Find the string "Sport" in the entries and copy each line that has it.

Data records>
┄┄┄┄┄┄

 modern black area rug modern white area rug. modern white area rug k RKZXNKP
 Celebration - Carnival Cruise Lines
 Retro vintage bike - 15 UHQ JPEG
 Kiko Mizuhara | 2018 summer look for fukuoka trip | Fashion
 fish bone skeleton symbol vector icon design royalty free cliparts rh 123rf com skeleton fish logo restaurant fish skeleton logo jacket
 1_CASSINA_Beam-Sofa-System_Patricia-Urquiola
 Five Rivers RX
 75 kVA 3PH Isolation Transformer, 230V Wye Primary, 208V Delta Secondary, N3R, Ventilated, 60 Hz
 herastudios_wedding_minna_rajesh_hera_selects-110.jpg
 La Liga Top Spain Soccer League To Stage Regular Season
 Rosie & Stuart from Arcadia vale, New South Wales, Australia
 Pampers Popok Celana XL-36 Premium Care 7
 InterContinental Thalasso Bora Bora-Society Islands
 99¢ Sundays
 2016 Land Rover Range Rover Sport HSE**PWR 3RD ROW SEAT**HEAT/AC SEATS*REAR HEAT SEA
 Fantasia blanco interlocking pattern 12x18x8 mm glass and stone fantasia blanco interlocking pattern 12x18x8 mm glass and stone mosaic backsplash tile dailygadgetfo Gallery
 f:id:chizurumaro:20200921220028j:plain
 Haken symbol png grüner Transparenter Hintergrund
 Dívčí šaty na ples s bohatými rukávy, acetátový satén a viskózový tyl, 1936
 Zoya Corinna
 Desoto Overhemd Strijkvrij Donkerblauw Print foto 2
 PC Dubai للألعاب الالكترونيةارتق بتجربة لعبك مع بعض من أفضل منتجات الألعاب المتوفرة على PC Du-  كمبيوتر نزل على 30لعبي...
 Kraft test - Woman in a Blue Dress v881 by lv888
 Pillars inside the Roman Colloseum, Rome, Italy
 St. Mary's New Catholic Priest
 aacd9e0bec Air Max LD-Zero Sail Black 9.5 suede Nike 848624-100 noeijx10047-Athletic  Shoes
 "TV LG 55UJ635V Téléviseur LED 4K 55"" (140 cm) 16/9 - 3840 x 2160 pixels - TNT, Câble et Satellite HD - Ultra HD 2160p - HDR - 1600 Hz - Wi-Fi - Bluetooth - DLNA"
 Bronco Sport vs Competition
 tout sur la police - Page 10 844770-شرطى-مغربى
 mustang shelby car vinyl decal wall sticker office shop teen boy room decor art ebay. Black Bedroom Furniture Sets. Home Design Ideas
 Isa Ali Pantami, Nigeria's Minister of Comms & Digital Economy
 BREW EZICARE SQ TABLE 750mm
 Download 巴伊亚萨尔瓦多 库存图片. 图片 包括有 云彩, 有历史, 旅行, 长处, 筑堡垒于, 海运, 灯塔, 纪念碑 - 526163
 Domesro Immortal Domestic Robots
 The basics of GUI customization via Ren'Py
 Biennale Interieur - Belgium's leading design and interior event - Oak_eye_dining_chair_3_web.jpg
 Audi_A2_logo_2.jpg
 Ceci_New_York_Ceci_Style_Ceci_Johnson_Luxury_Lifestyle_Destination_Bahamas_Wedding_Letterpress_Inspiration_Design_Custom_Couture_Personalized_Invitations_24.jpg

┄┄┄┄┄┄

The completed task>
 2016 Land Rover Range Rover Sport HSE**PWR 3RD ROW SEAT**HEAT/AC SEATS*REAR HEAT SEA
 Bronco Sport vs Competition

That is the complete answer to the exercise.